To determine whether potential sex differences in the numbers of
proliferating cells may be attributable to sex differences in the
numbers of progenitor cells in the adult dentate gyrus, adjacent
sections were also processed for Ki67 immunohistochemistry. Ki67 is a
protein that is expressed by cells throughout the cell cycle with the
exception of a short period at the beginning of G1 (Lopez et al.,
1991).
Experiment 2. To determine whether the proliferation of
granule cell precursors and the production of new neurons are affected by estrous cycle stage, adult female rats in either proestrus, estrus,
or diestrus were injected with BrdU (200 mg/kg b wt, i.p.) at 2:00 P.M.
and perfused after a 2 hr survival. For purposes of comparison, male
rats were injected with BrdU and perfused 2 hr later (n = 5-6). The 2 hr survival was chosen because it is sufficient for the
uptake of BrdU into proliferating cells but not for mitosis or
migration to occur (Nowakowski et al., 1989). Additional female rats
were injected with BrdU during either proestrus, a time of maximal
estrogen levels, or estrus, a time of low estrogen levels, and
subsequently perfused after the following survival times: 4, 7, 14, and
21 d (n = 3). After perfusion, all of the brains
were removed, post-fixed, and processed immunohistochemically for BrdU.
In the case of animals that had a survival time >2 hr, the brains were
also processed for combined immunohistochemistry for BrdU and either
TOAD-64, calbindin, or GFAP. Additionally, sections processed for
BrdU staining alone were stained with cresyl violet for analysis of the
numbers of pyknotic cells.
Experiment 3. To investigate the possibility that estrogen
regulates the proliferation of granule cell precursors, adult female rats were anesthetized with Nembutal (50 mg/kg b wt) and either ovariectomized or sham ovariectomized.

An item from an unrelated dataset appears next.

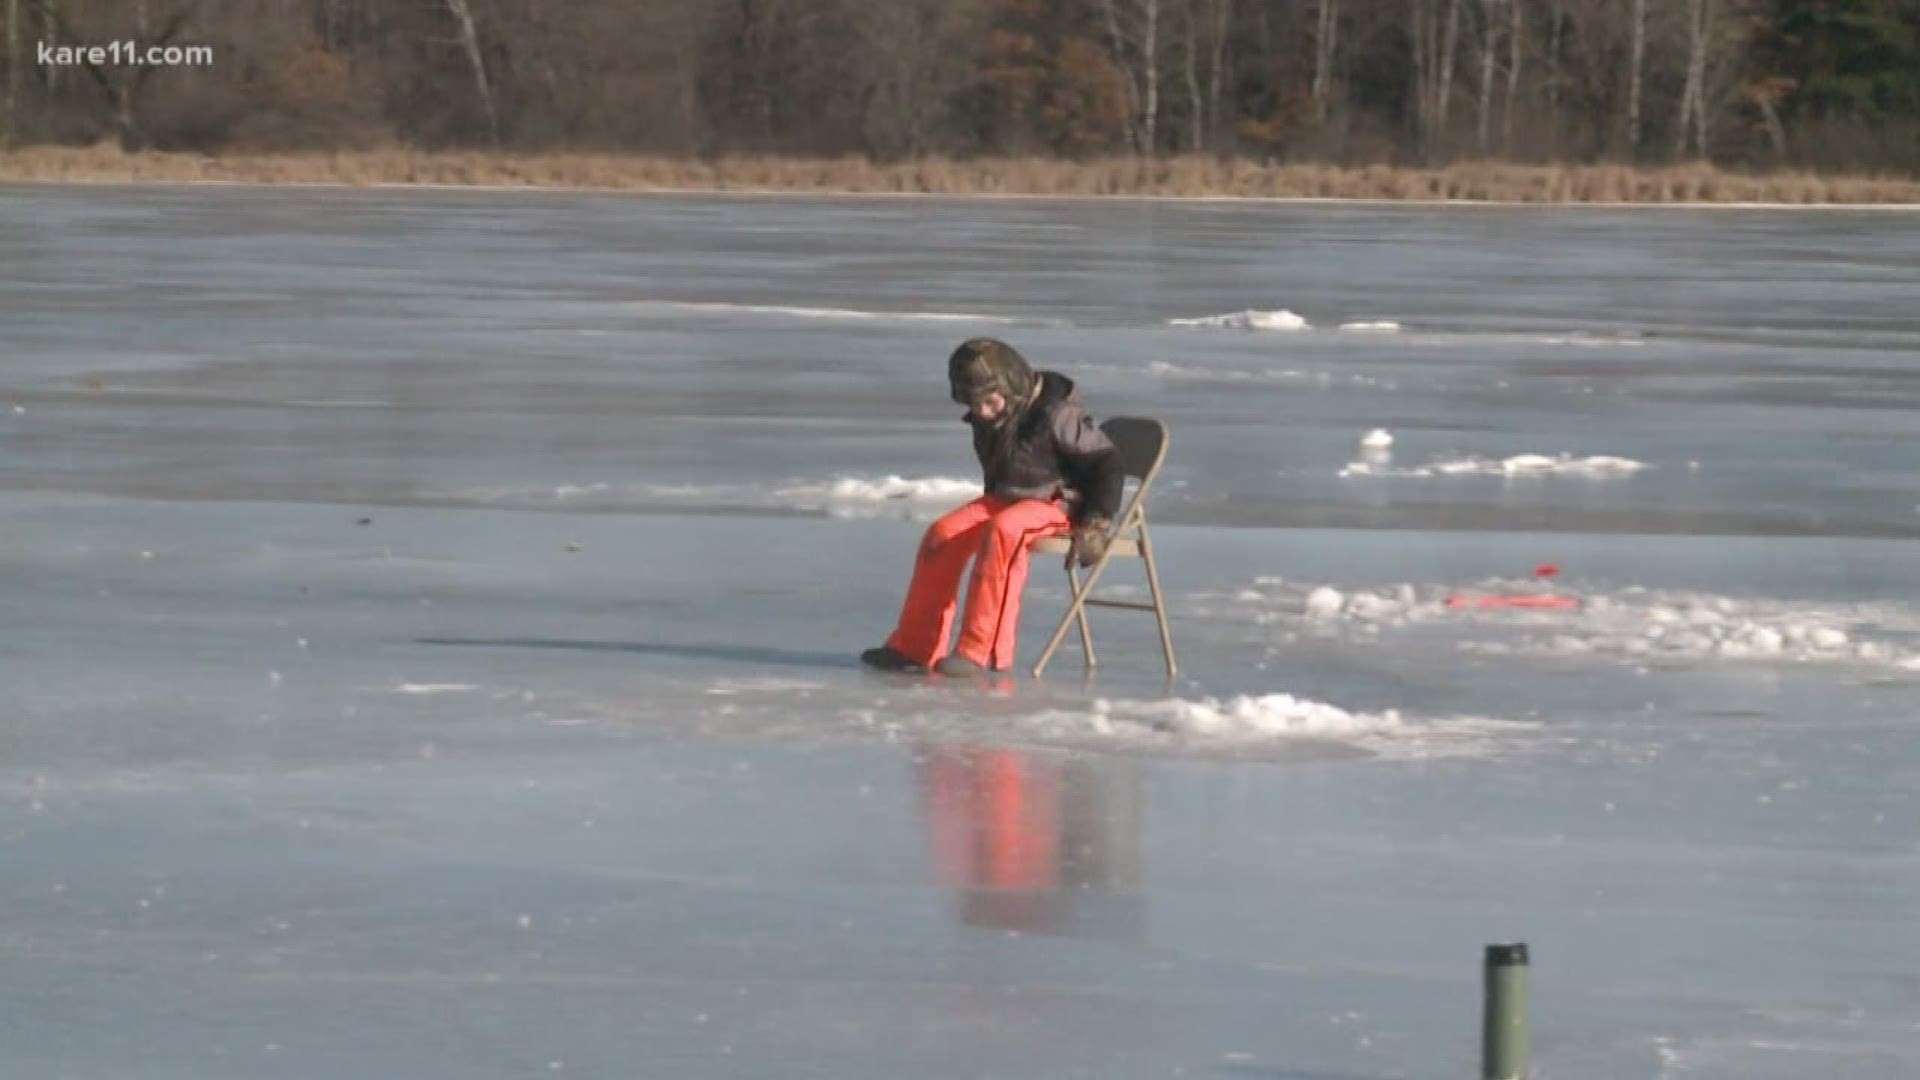 A bunch of kids busted out ice fishing rods Saturday on a frozen Coon Lake in Columbus. The nonprofit Union Sportsmen's Alliance teamed up with the Elevator Constructors Union to host a "Take Kids Ice Fishing Day."

Six days after surgery, some of
the ovariectomized rats were injected with 17- -estradiol in sesame
oil vehicle (10 µg/rat, s.c.) while the remaining rats were injected
with vehicle alone (n = 4-5). This dose was chosen because it results in circulating levels of estradiol (Viau and Meaney,
1991; Sohrabji et al., 1994) in the proestrus range. Two hours later,
all of the rats were injected with BrdU (200 mg/kg b wt, i.p.) and
perfused after a 2 hr survival. The brains were removed, post-fixed,
and processed immunohistochemically for BrdU. The sections were then
stained with cresyl violet for analysis of the numbers of pyknotic cells.

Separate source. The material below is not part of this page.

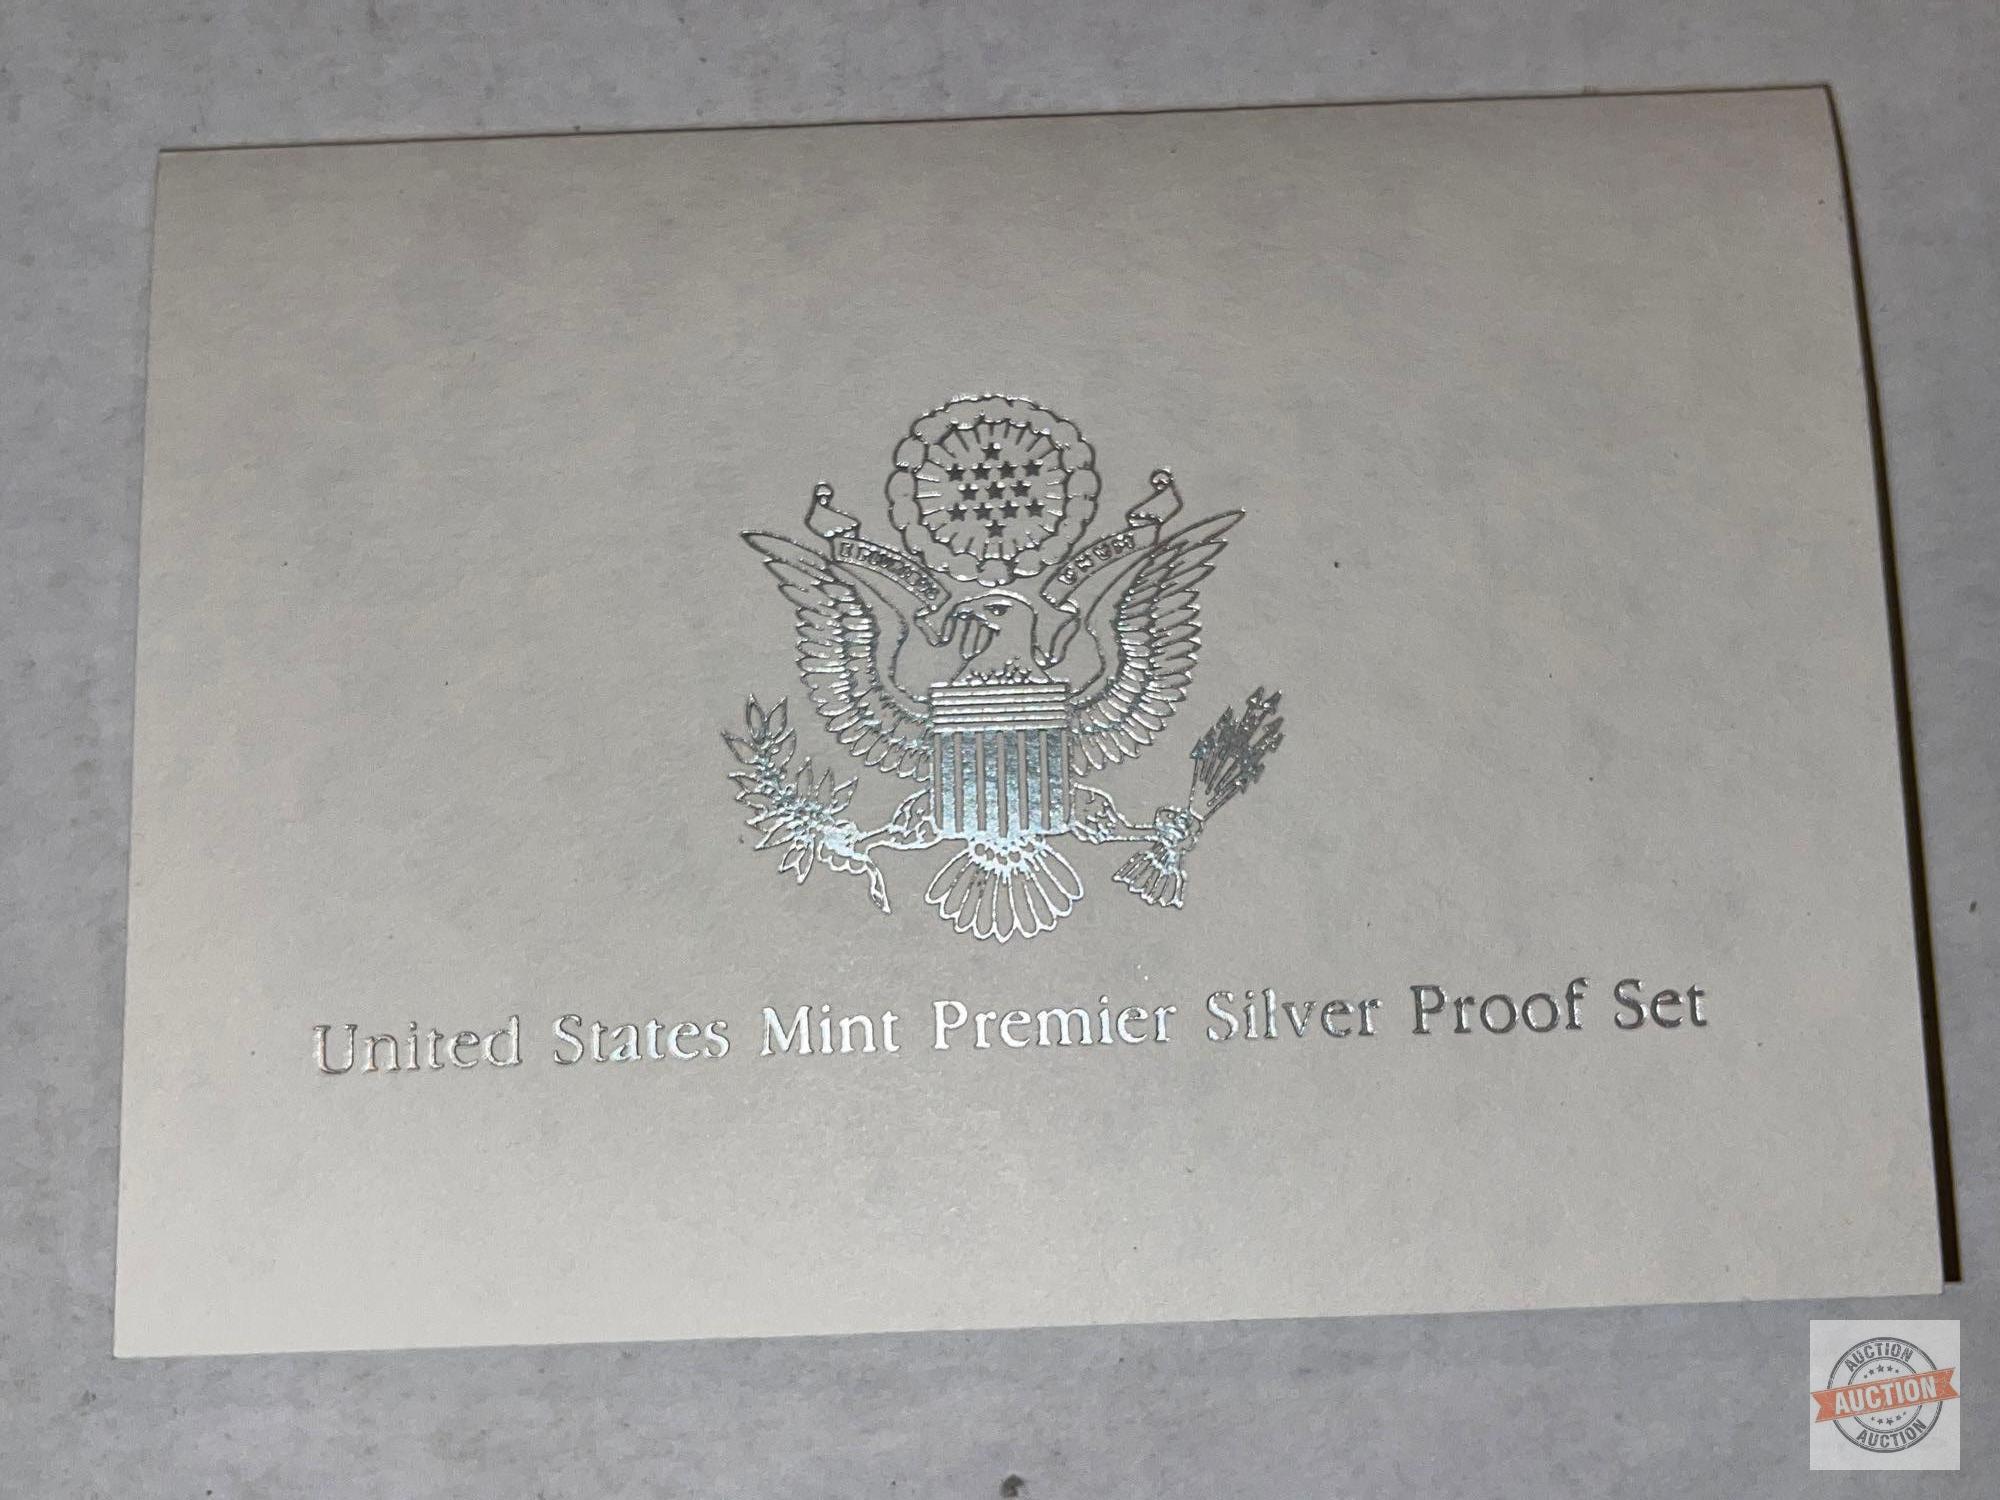 Silver - 1994s US Mint Premier Silver Proof Set Uncirculated

Histological procedures. For each brain, 40 µm sections
through the entire dentate gyrus were cut in a bath of 0.1 M PBS with an oscillating tissue slicer. Unless
otherwise indicated, all washes and incubations were performed in PBS
for peroxidase immunohistochemistry and in 0.1 M
Tris-buffered saline for fluorescence immunohistochemistry.

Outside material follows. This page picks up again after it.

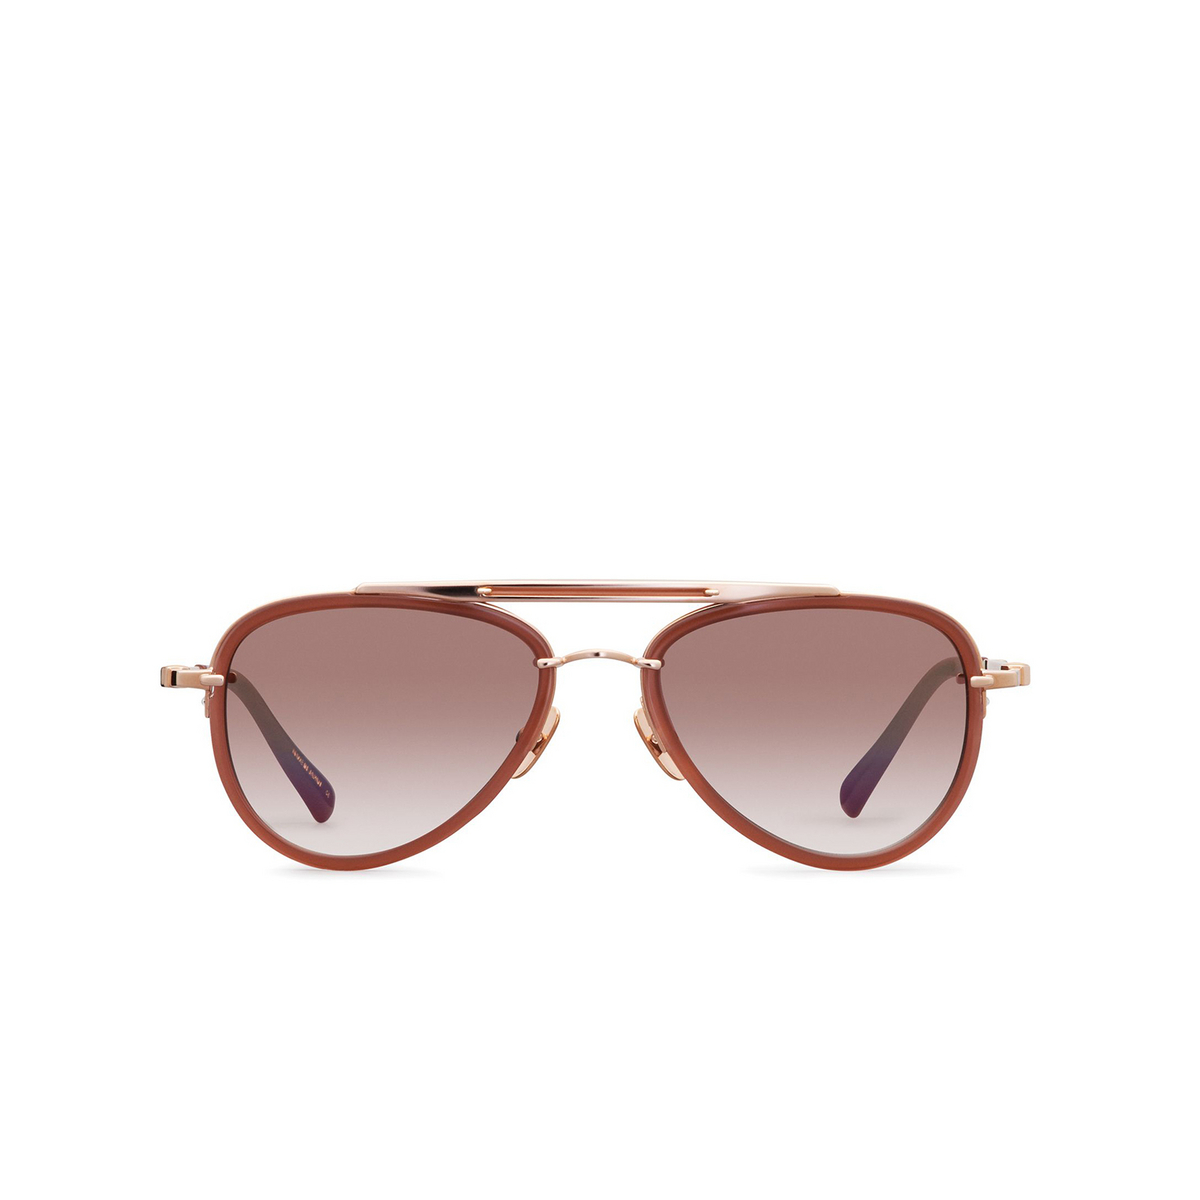 Mr. Leight DOHENY SL Sunglasses 18KRG-RW/SU 18K Rose Gold-Rosewood - front view

For peroxidase BrdU immunolabeling, the sections were incubated in 0.1 M citric acid for 5 min at 90°C, rinsed, incubated in
0.6% H2O2 for 30 min, rinsed, digested in
trypsin (0.001-0.05%) in Tris buffer containing 0.1%
CaCl2 for 10 min, rinsed, denatured in 2N HCl for 30 min,
rinsed (pH 6.0), blocked in 3.0% normal horse serum for 30 min,
and incubated overnight at 4°C in mouse monoclonal antibody against
BrdU (1:200 + 0.5% Tween 20; Novocastra, Newcastle Upon Tyne, UK). On
the next day, the sections were rinsed several times, incubated in
biotinylated mouse secondary antisera (1:50; Vector Laboratories,
Burlingame, CA) for 60 min, rinsed, incubated in
avidin-biotin-horseradish peroxidase (AB; 1:50; Vector Laboratories)
for 60 min, rinsed again, and reacted for 5 min in 0.02%
diaminobenzidine (DAB) with 0.003% H2O2 or in
DAB containing 0.1% nickel ammonium sulfate and then rinsed. For
combined labeling, sections were incubated in polyclonal antisera
against one of the following: (1) rabbit anti-TOAD-64 (a gift from Dr.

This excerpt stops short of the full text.